I haven't seen anyone mentioning this, which is good, because anyone who did would be a fool. The 'badly written' code in question works perfectly well and securely everywhere
except in writable-by-attacker directories (which pretty much means sticky-bitted ones in practice), so what we really have here is a Unix API which works fine everywhere except in /tmp, and appears to work even there. Are we surprised that developers don't notice this? It's an API that requires extra effort to use correctly, and whose failure is invisible until a malicious attacker exploits it: of course they get it wrong!

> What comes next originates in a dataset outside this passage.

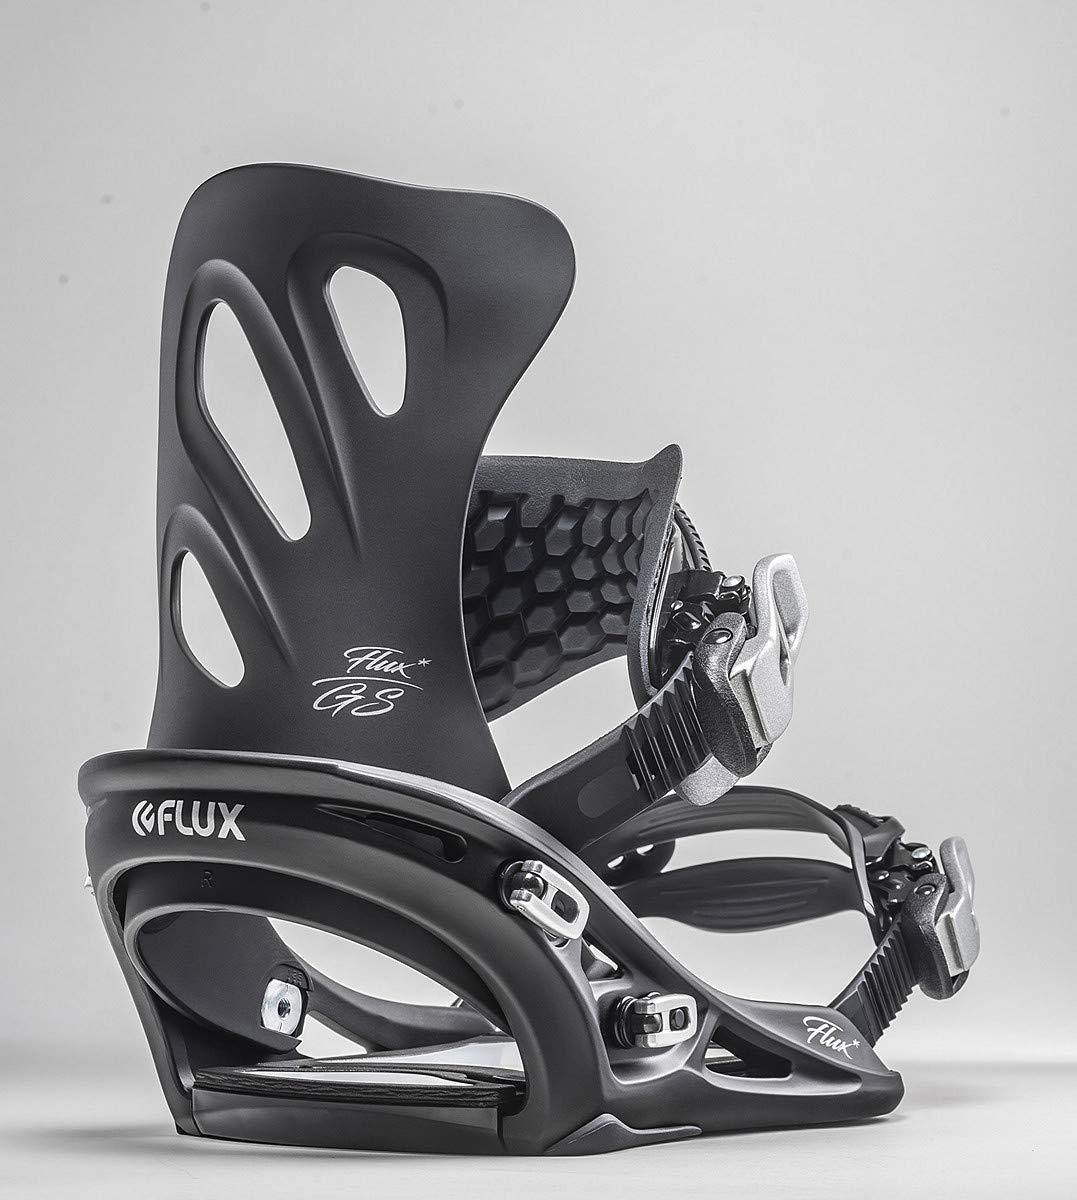 Womens 2020 FLUX GS Snowboard Binding Black, SmallMedium

Also, as you pointed out, fixing every application (including all the binary-only ones) or educating every single developer is impractical: it hasn't happened in decades and we couldn't get everyone to upgrade even if we did fix it. At least if the kernel was blocking this we'd only need to get people to upgrade to that kernel once, and then this class of problems would be history.
(I just checked at my workplace, where fifty-odd developers write Unix financial server apps. Not one of them knew what TOCTTOU races were. A single one had heard of symlink attacks in /tmp, but wasn't clear how you avoided them. More than half of them had written code that writes to /tmp for one reason or another. If we are trying to fix this by educating developers, we are failing.)